Goals are important. They are how you turn dreams into reality, breaking down the ephemeral into manageable tasks.
But I set my goals a little too aggressively in March.
Sometimes, when you are so focused on achieving something, you can forget other obligations.
I released a book in early April. You can check it out here. It was the culmination of a lifetime goal.
I started writing my first novel when I was ten. I still remember the teal blue spiral notebook that housed that first book. I had planned to publish it before I was twelve, because I was awesome.
How I wish I had the confidence now I had then!
As excited as I was to release this book out into the wild (and nervous), it was a lot of work. On top of that, I was trying to write 1.5k words a day on a new WIP, work a demanding full time job, and be a parent and spouse.
Yeah, some things fell down.
I will never be Mom of the Year, but I could’ve been a lot a better.
I will never be a perfect wife. Ever.
I will never be tracked as a “superstar” where I work. I just won’t put in enough hours, which is interesting when I think of all of the hours I’ve poured into writing novels.
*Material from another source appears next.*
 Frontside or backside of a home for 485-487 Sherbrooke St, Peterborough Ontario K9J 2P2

But, I do need to figure out a better way to fit writing into my life. I love telling stories, though the act of writing itself is work. Hard work.
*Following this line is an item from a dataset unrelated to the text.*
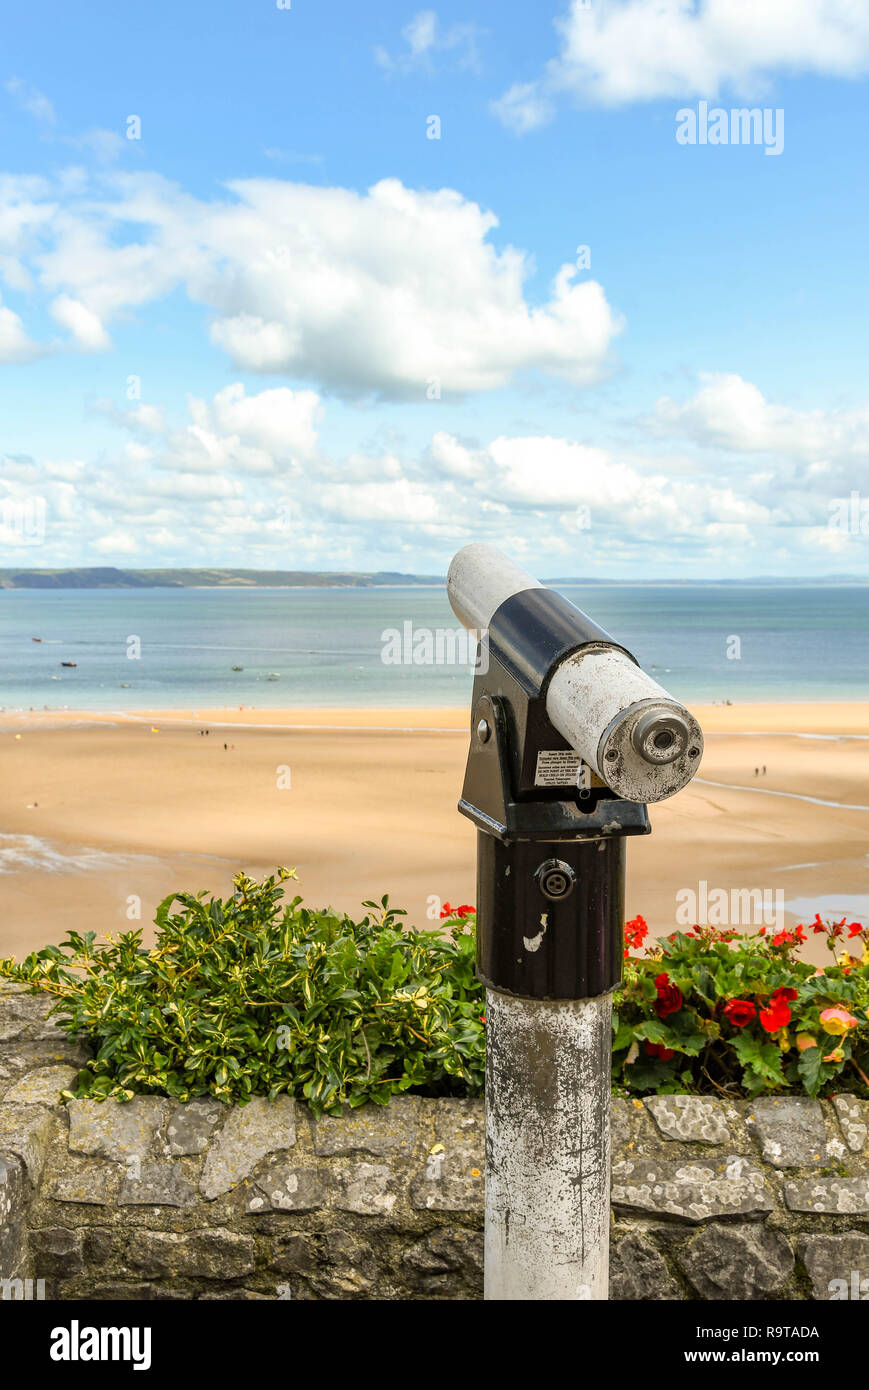 TENBY, PEMBROKESHIRE, WALES - AUGUST 2018: Coin-operated binoculars for visitors to view the scenery in Tenby, West Wales. Stock Photo

But I have this tendency to throw myself fully into whatever I’m doing when what I need is balance.
So, I’m sorting through that at the moment.
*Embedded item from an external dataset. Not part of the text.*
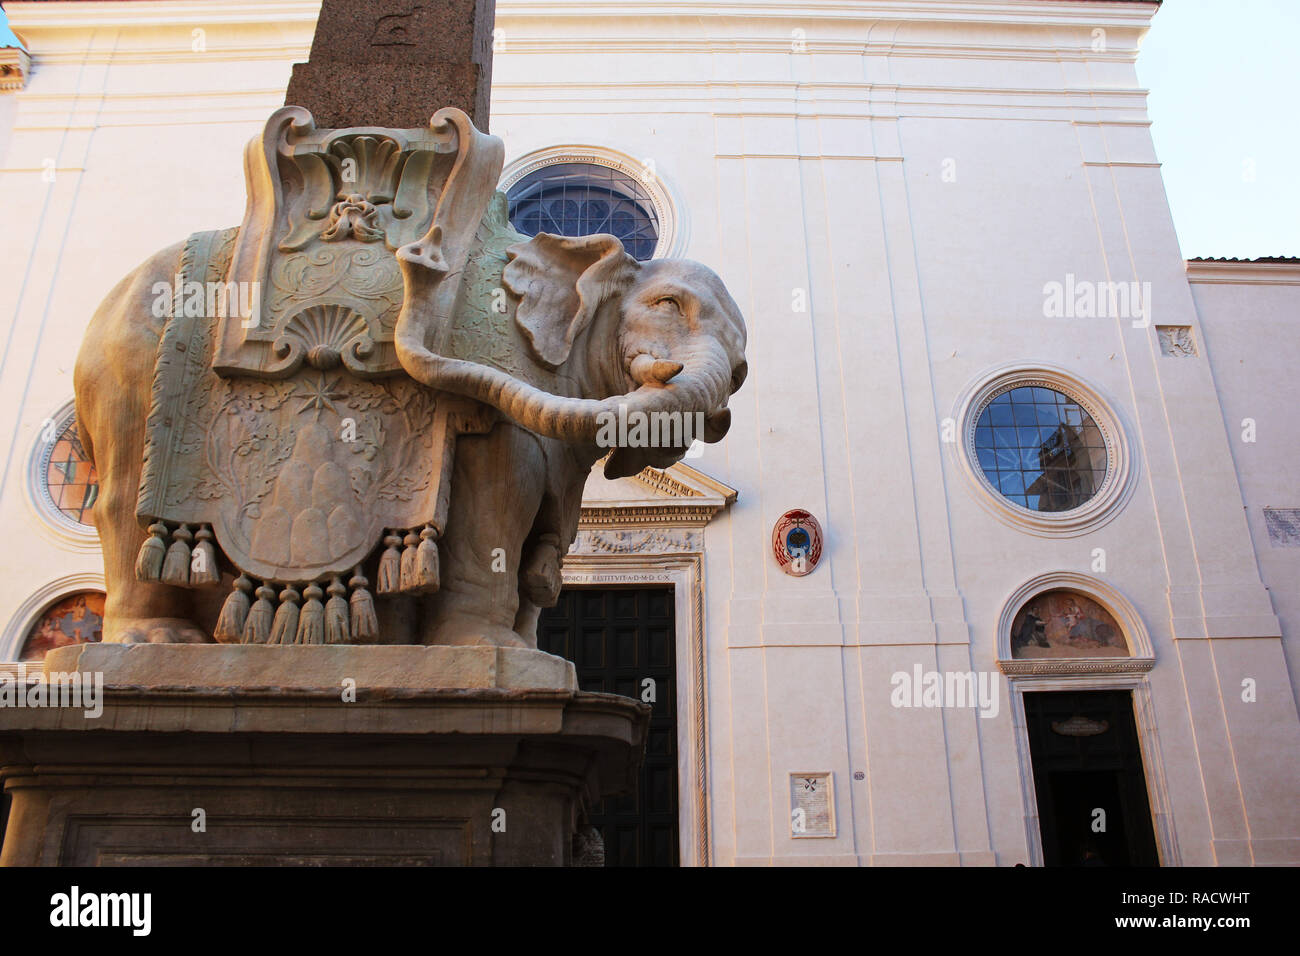 ROME, ITALY - December 28, 2018: The 'Elephant with Obelisk' statue is seen at Piazza della Minerva square on October 31, 2017 in Rome, Italy. Rome Rome is one of the most popular tourist destinations. Stock Photo

I finished a story I think of as Logan and Rita. Catchy title, I know, but it’s a fresh first draft. It’ll get better. I promise.
Now, to put my editing cape back on. And by cape I mean my comfy jammies with the most amazing LL Bean slippers. I need to figure out a pace I can manage with my children, spouse and job.
Not sure what that is yet, but I’m not giving up on my Winter 2018 time frame for How to Love a Duchess.